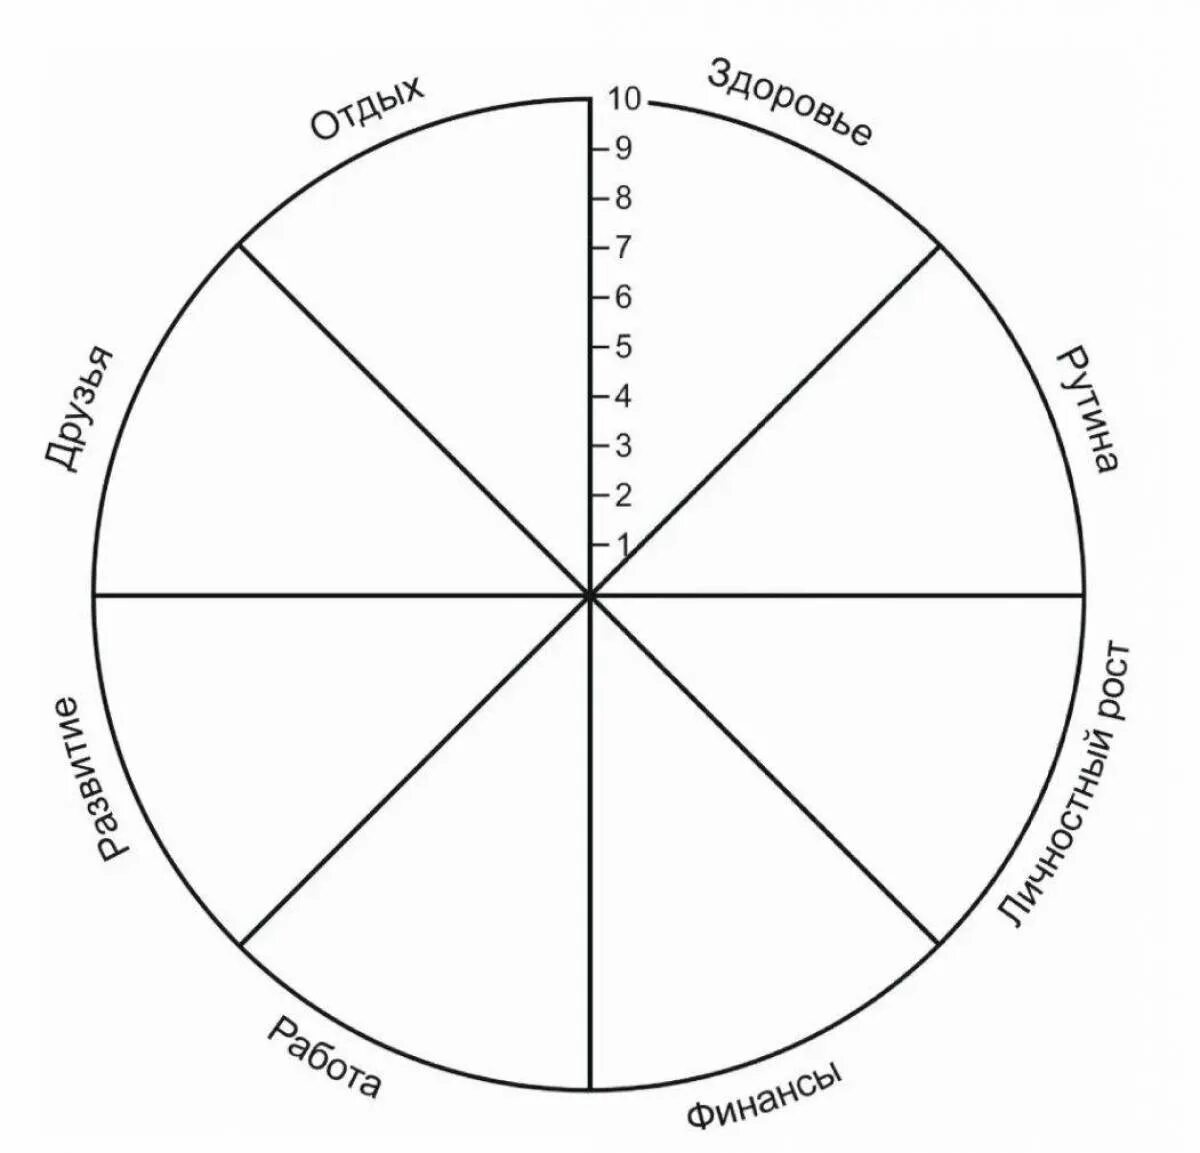 Время жизни круга. Колесо жизненного баланса 8 сфер. Схема колеса жизненного баланса. Коле/о жизненного баланса. Колесо жизни, баланс жизни (8 основных сфер).
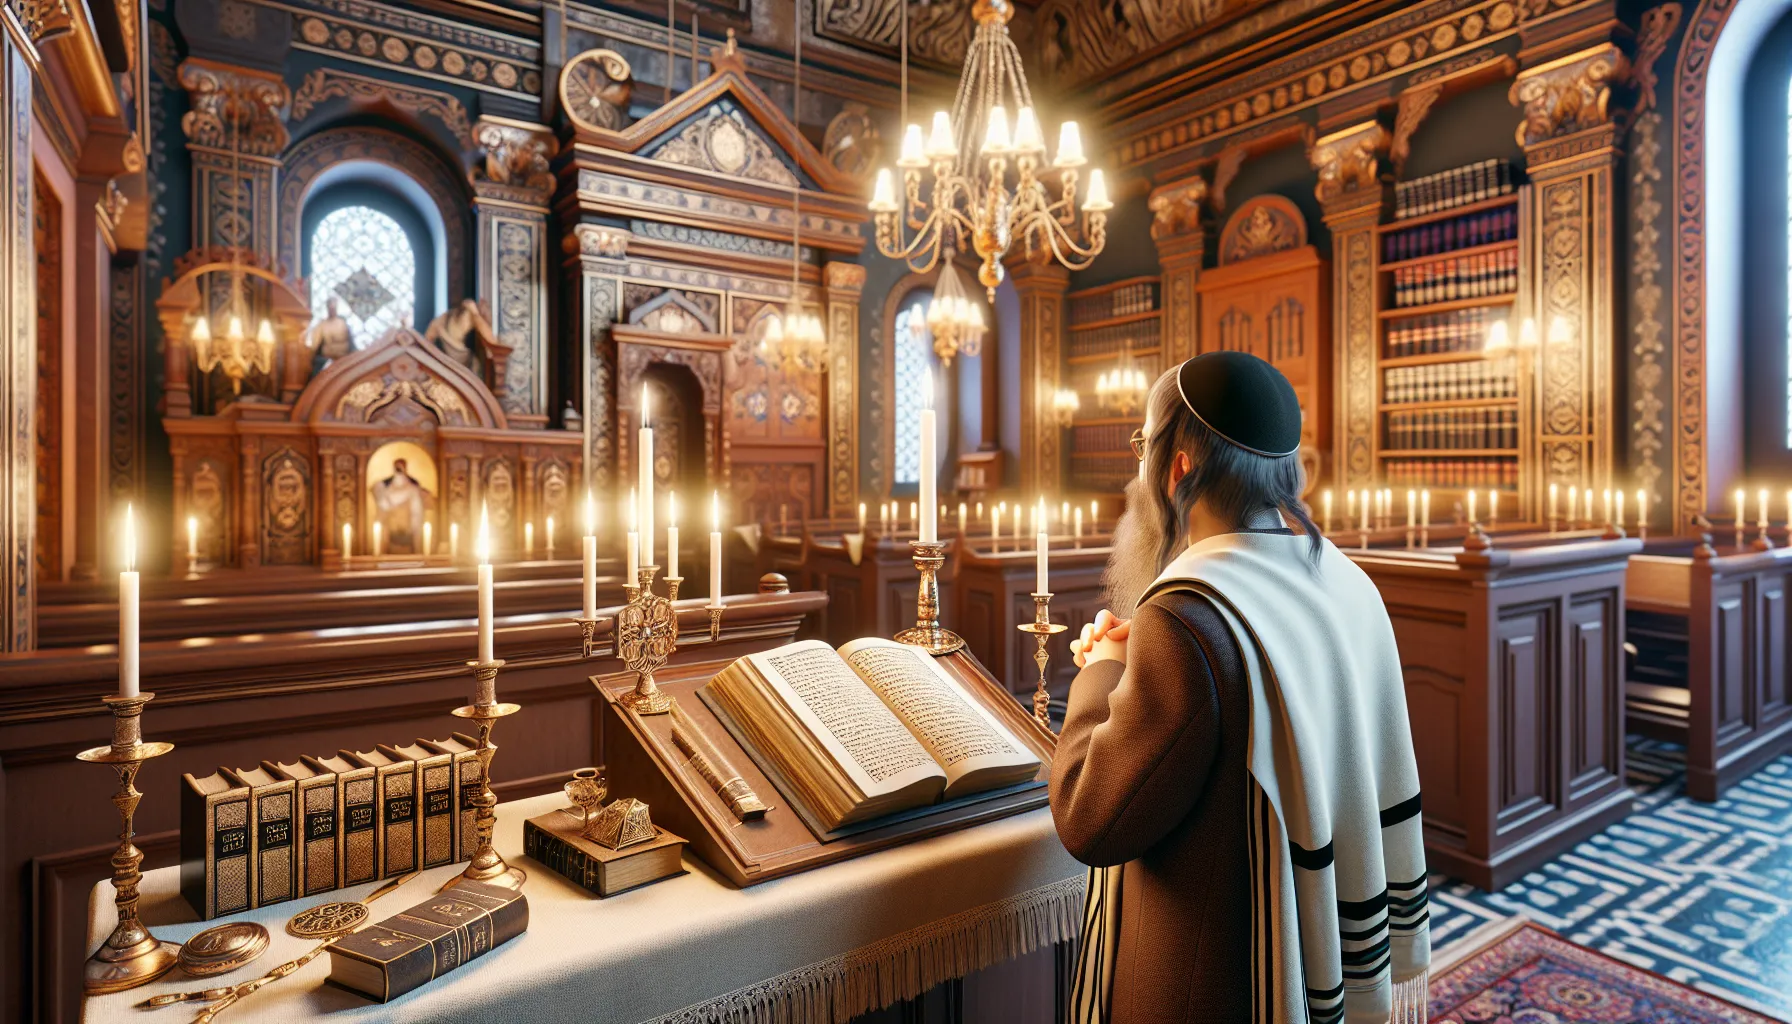 Persona judía practicando rituales religiosos en una sinagoga ortodoxa.
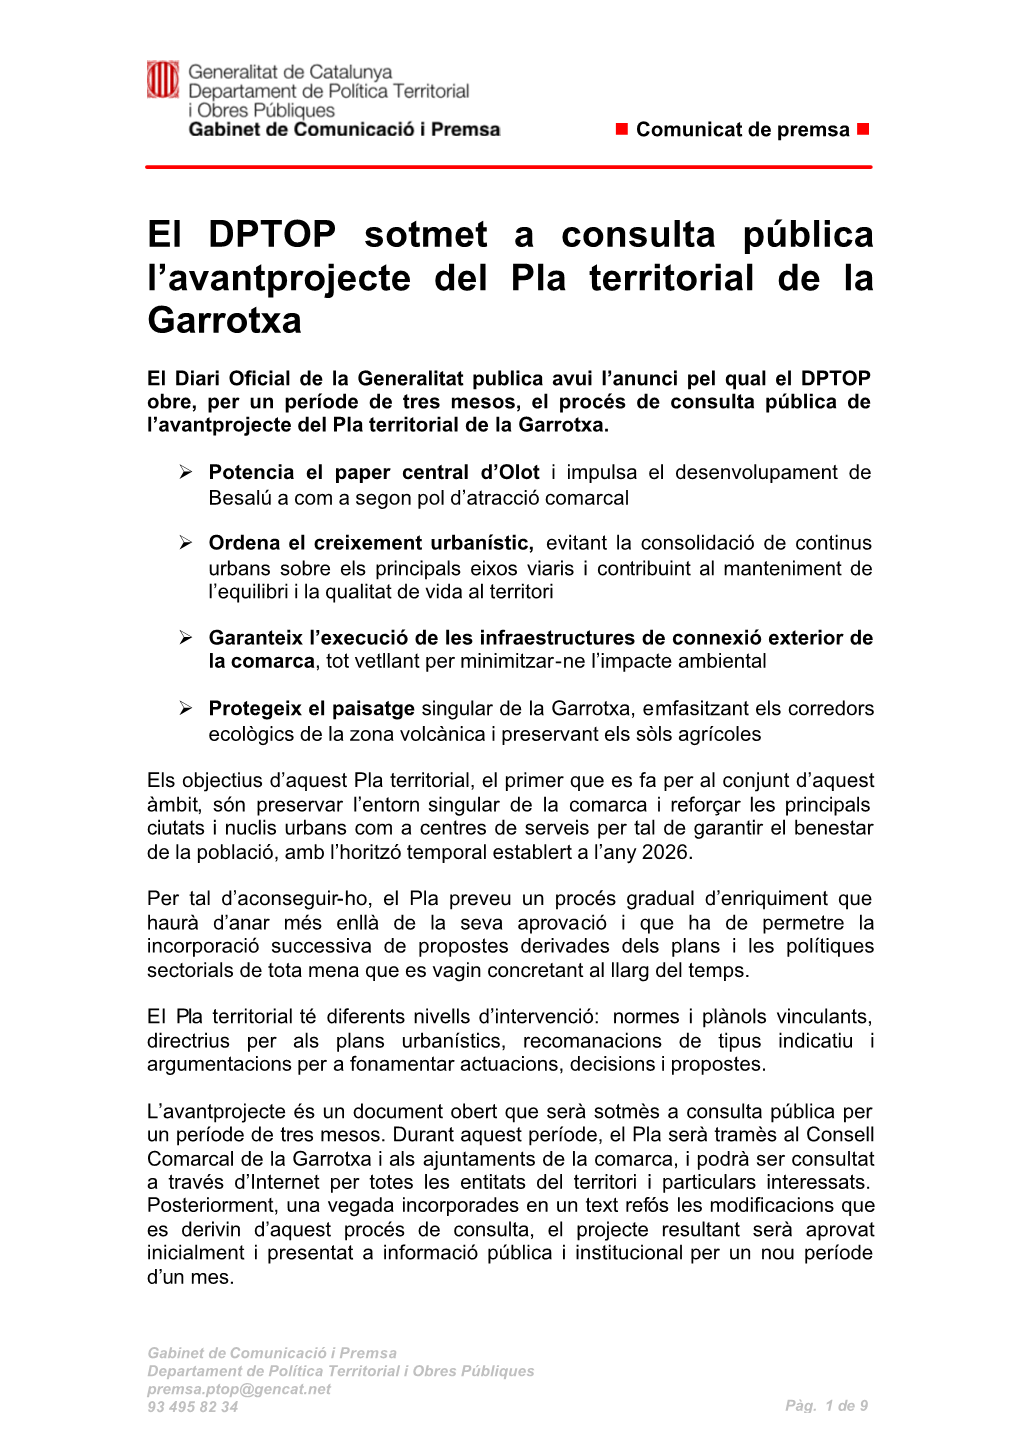 El DPTOP Sotmet a Consulta Pública L'avantprojecte Del Pla

**AIM OF THE EXERCISE:** In the data above, find the line containing "Persona judía practicando", then output it and every later line exactly, without the pictures.

**TASK SOLUTION:**
 Persona judía practicando rituales religiosos en una sinagoga ortodoxa.
 El DPTOP Sotmet a Consulta Pública L'avantprojecte Del Pla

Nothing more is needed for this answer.